The U.S. Dollar Index that tracks the greenback against a basket of other currencies was down 0.27% to 98.355 by 3:31 AM GMT.
The USD/JPY pair inched down 0.05% to 118.67.
The AUD/USD pair was up 0.25% to 0.7308 and the NZD/USD pair edged up 0.12% to 0.6844.
The USD/CNY pair edged down 0.11% to 6.3451 while the GBP/USD pair inched up 0.08% to 1.3155.
The Fed hiked its interest rate to 0.5% in its policy decision handed down on Wednesday. The central bank was more aggressive than expected, hinting that it could raise rates at all six remaining meetings in 2022.
The yen was at its lowest level against the dollar since early 2016, or 119.13, overnight. The Japanese currency also fell 1.6% against the Australian dollar on Wednesday, sliding further on Thursday to a four-year low of 86.97 yen per Australian dollar.
The market is expecting the Fed to ramp interest rates higher during the course of 2022. By contrast, the BOJ is committed to extremely accommodation policy settings, Rabobank senior FX strategist Jane Foley told Reuters.
Interest rate differentials and Japan’s position as a commodity importer suggest the possibility of further upside potential for USD/JPY this year, she added. The gap between benchmark 10-year Treasury yields and 10-year Japanese bond yields was also the widest in nearly two-and-a-half years overnight at 1.99%.
The Bank of Japan will hand down its policy decision on Friday, where it is expected to maintain its dovish stance.
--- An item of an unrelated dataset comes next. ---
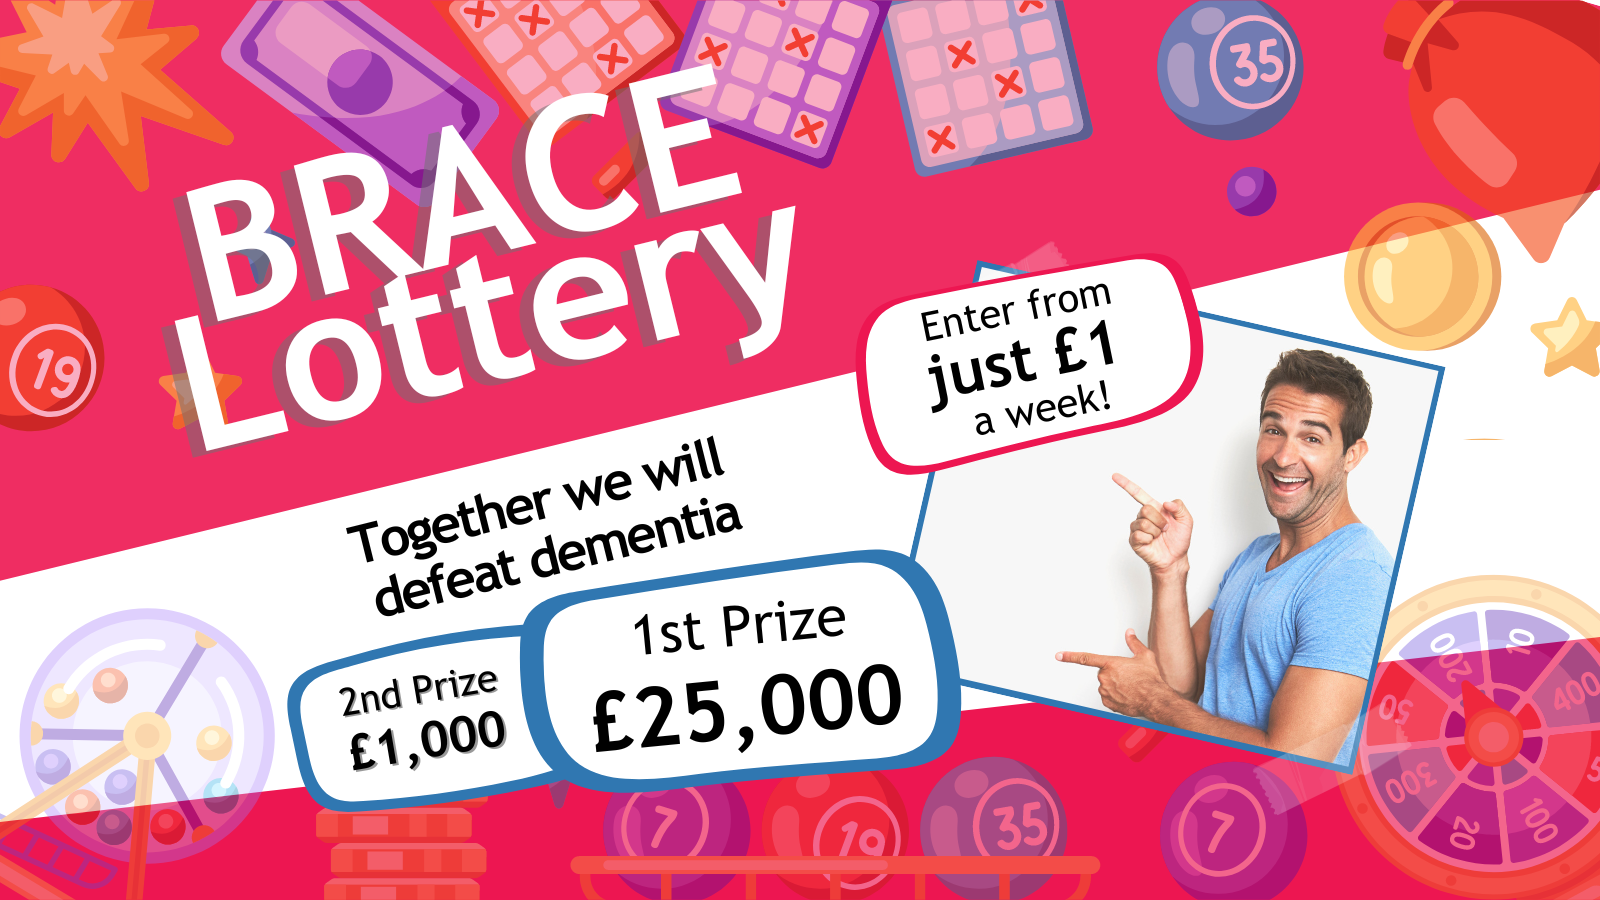 BRACE lottery. Together we will defeat dementia. A red background with lots of lottery balls and lottery tickets. A man is pointing to a sign saying 'from just £1 per week.'

The Bank of England will also hand down its policy decision later in the day, where it is expected to hike interest rates for a third consecutive meeting.
Hopes for a breakthrough in peace talks between Ukraine and Russia also saw investors retreat from safe-haven assets and global shares rise. It also put a bit of downward pressure on the dollar more broadly.